Systems of morality should not consider only humans since the natural world is entitled to rights. Without question there is currently conflict between humans and forest flora, fauna, and fungi; this conflict must be ethically resolved for the sake of all life. We are not morally obligated to preserve natural museums that house stuffed animals. We are ethically obligated to preserve living forest wildlife upon which the health of earth depends. There’s an ethical claim in saying forests have incalculable value because their intrinsic qualities of growth, metamorphosis, and decay are instrumental in creating and maintaining any number of ecosystems that constitute earth’s biosphere. In the final paragraph of On the Origin of Species (1859), Darwin talks about a tangled bank as an orderly system supporting multiple species and structures. In nature, the secret to success is not dominance but interdependence.
A snapshot of the book appeared in July of 2024. Under the topic Ethical Dilemmas in Public Philosophy, the American Philosophical Association published the essay, “The Forest State of Gaia,” consisting of material cut from the book and revised for publication. Read the APA essay here. I spoke about forest sovereignty as an ecological and social good as an invited keynote at the Second International Global Plant Humanities conference, May 2025. Here. An abstract-essay of the book will appear in a special issue, November 2025, of the International Journal of Contemporary Humanities.
On one hand, the book offers a critique of Enlightenment political philosophy from Thomas Hobbes and John Locke up to John Rawls and Robert Nozick; on the other hand, the radical book explores anthropocentric political philosophy to offer a theory of forest sovereignty using the very ideas from these seminal thinkers. Typically, following Locke, political philosophers argue that what exists in nature becomes human property with added value once labored over by people. This is a Western, colonialist settler mentality that has fostered deforestation and wildlife degradation. Controversially, Forest Sovereignty argues that the natural world mostly belongs to plants and animals since they have adapted in and helped evolve great forests as lungs and watersheds of the world. This line of thinking does not exclude, however, Indigenous people. Additionally, human-centered ideas from Jean-Jacques Rousseau, Adam Smith, John Stuart Mill, Karl Marx, and Michael Walzer (among others) are examined as a springboard to posit forest dominion for flora, fauna, and fungi. More philosophers in the discussion include Hannah Arendt, Mary Midgley, and Martha C. Nussbaum.

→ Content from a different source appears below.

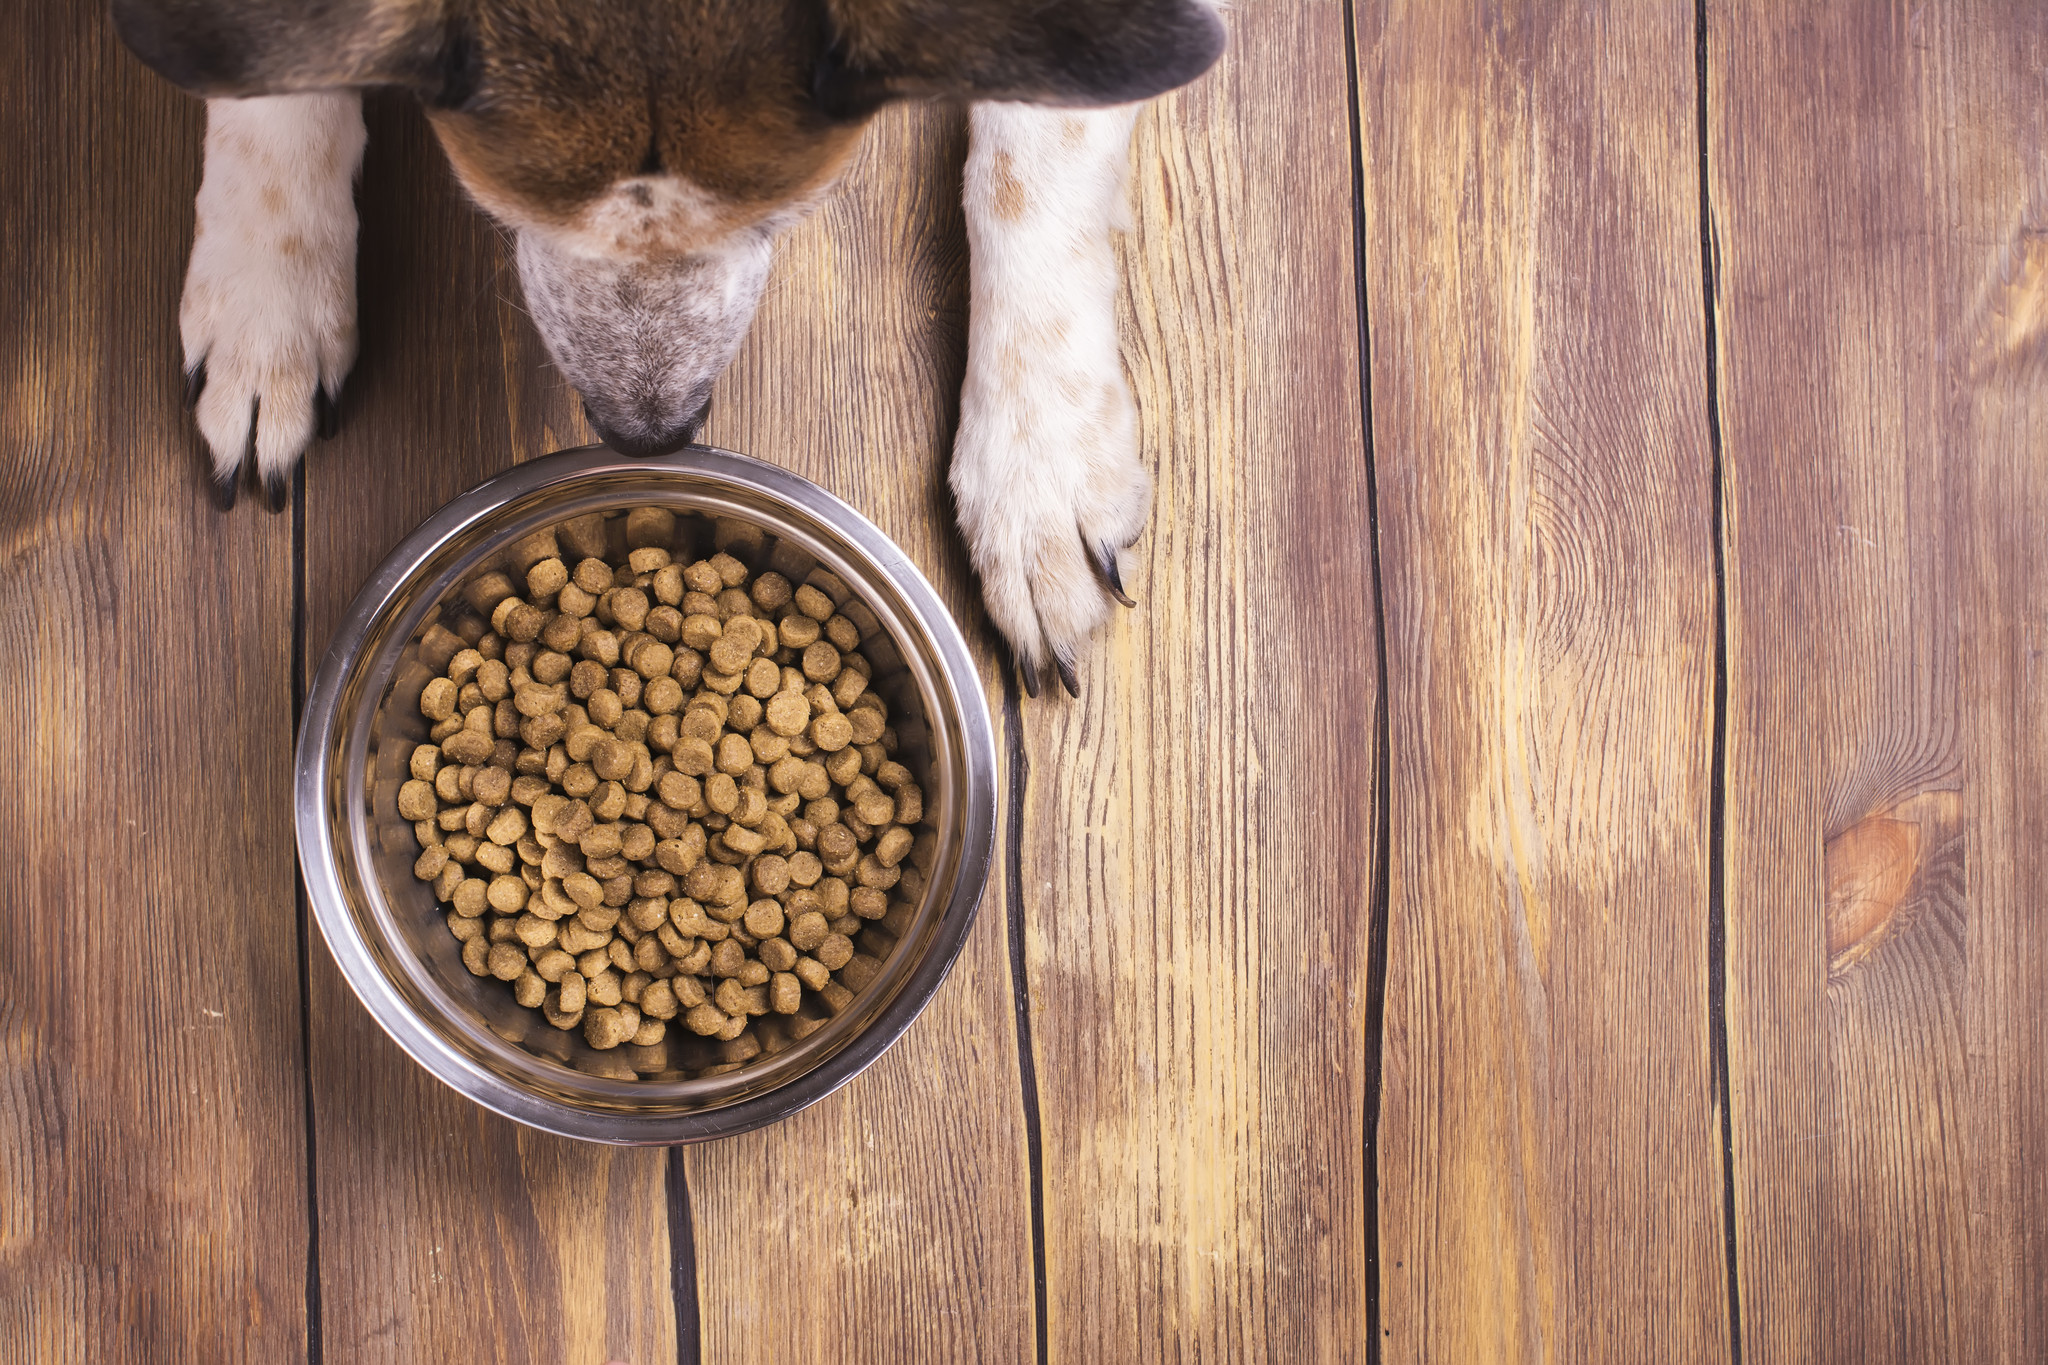 what dog food will a picky dog eat

Looking at the environment from the perspective of wildlife should matter. Profound changes in how we view nature are in order, an outlook that could impact all aspects of social life from the individual up through the institutional level in human consciousness and conscience. We can continue to pollute so as to reap economic gains, banking funds for our children and grandchildren; or we could protect the environment now, at some cost, for the sake of our children and grandchildren. Understandably, there are many developing and economically struggling nations that chafe at environmental concerns when their pressing issues are about boosting their economies. With more countries beginning to understand the value of forest conservation, rich countries can offer financial assistance in many ways, from direct aid to debt relief.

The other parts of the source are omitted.